Do not read this. No reader deserves to be terrified like this.
This novel breaks brilliant. It's hard to tell what's the best part of The Killing Lessons: the sweaty-palm plot that races along like a squadcar on a high-speed pursuit, the breathtaking depictions of the characters, good and bad, or author Black's inimitable style. My vote? All three.
The Killing Lessons is a dark, twisted, and deeply compelling read. Saul Black perfectly inhabits each of his characters, even the most deranged among them, and weaves a breathless thriller that is as beautiful as it is terrifying.
★ 07/01/2015
For Nell Cooper life would never be the same again. The moment she found her mother on the kitchen floor and heard her whisper the words, "Run, they're still here," the safe world as she knew it ceased to exist. For the two killers, Nell's house was just a random stop on the road to completing a bloody list of macabre tasks. Det. Valerie Hart is obsessed with putting an end to this rampage and will stop at nothing to do it. Unfortunately, she will also have to work with her ex-fiancé, who recently rejoined the force, and figure out who's trying to sabotage her within the department. As the murder investigation heats up and the search for the killers becomes even more frantic, Valerie must also watch her own back. VERDICT Black (aka Glen Duncan, I Lucifer) has written a taut, smart thriller guaranteed to keep readers on the edge of their seats. Not to be missed.—Cynthia Price, Francis Marion Univ. Lib., Florence, SC
★ 2015-06-30
Ending the rampage of two sadistic serial killers may depend on a substance-abusing homicide detective facing an old lover and an unknown nemesis in this raw and utterly readable thriller. Behind the nom de plume is Glen Duncan (By Blood We Live, 2014, etc.), last seen spewing bloody ink in the wrap-up to his toothsome werewolves-and-vampires trilogy.

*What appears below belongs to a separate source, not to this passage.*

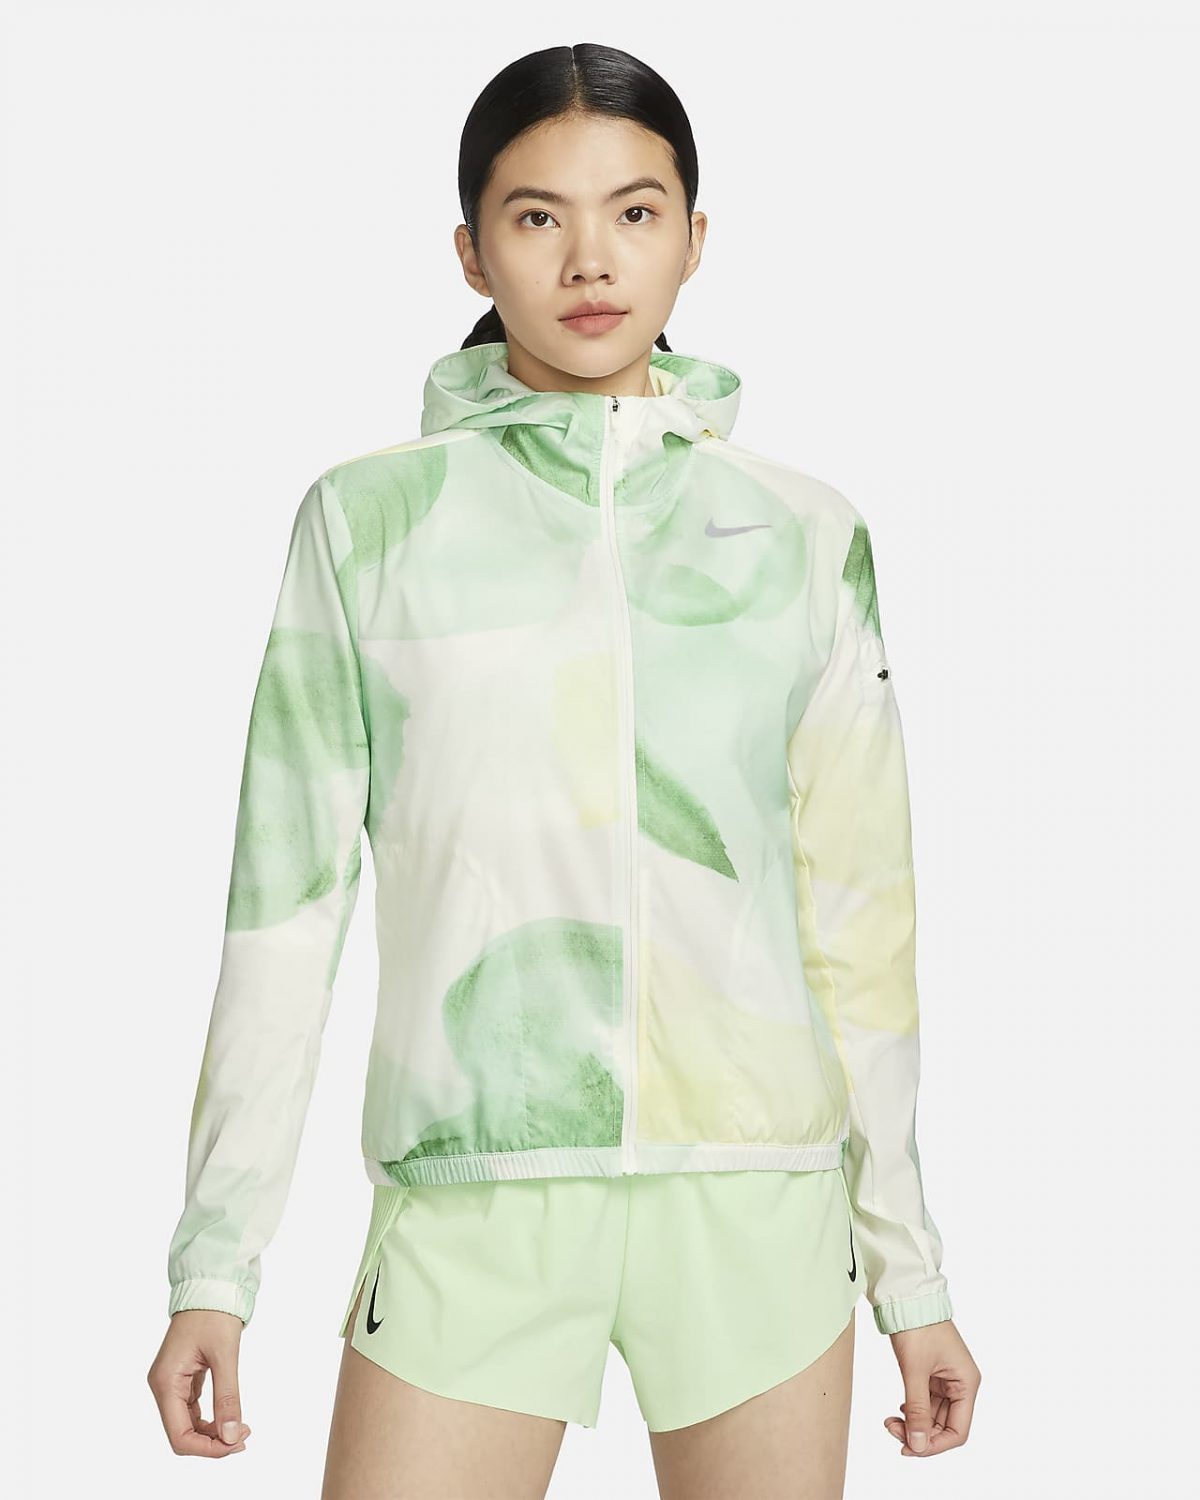 Женская куртка Nike Impossibly Light белая фото

In a different vein here, he cooks up mayhem among mortals, creating a duo from Of Mice and Men by way of Thomas Harris without the fava beans. Inspired by some horrific child abuse, Xander and Paulie are on a mission to rape, torture, and murder a certain number of women, aided by a serrated fishing knife, an iPad, and a combined IQ maybe in the high double-digits. Detective Valerie Hart leads a San Francisco team confronted with at least seven victims and zero clues. Black sets parallel narratives in motion when the latest murders send a teenage girl into hiding and a new potential victim hands the Hart team its first break—once underway, the police work is crisp and convincing. Meanwhile, the former lover complicates Valerie's chilly, vodka-fueled efficiency while an FBI operative seems to lie behind several incidents undermining her. Compared with the explicit gore of the trilogy, there's some writerly restraint here amid much nastiness. But nasty it is, and it's made more so by the author's deep dives into the mind of a victim, especially when her terror is stoked by the iPad's gruesome video records. An especially fine piece of staging has the injured teen and the writer crippled by sciatica with whom she has taken refuge awaiting unlikely rescue on a dead-end road. Aficionados may fault Black for allowing the police at least one major oversight, but most readers will likely be too engrossed or happily grossed out to do anything but whip through the pages.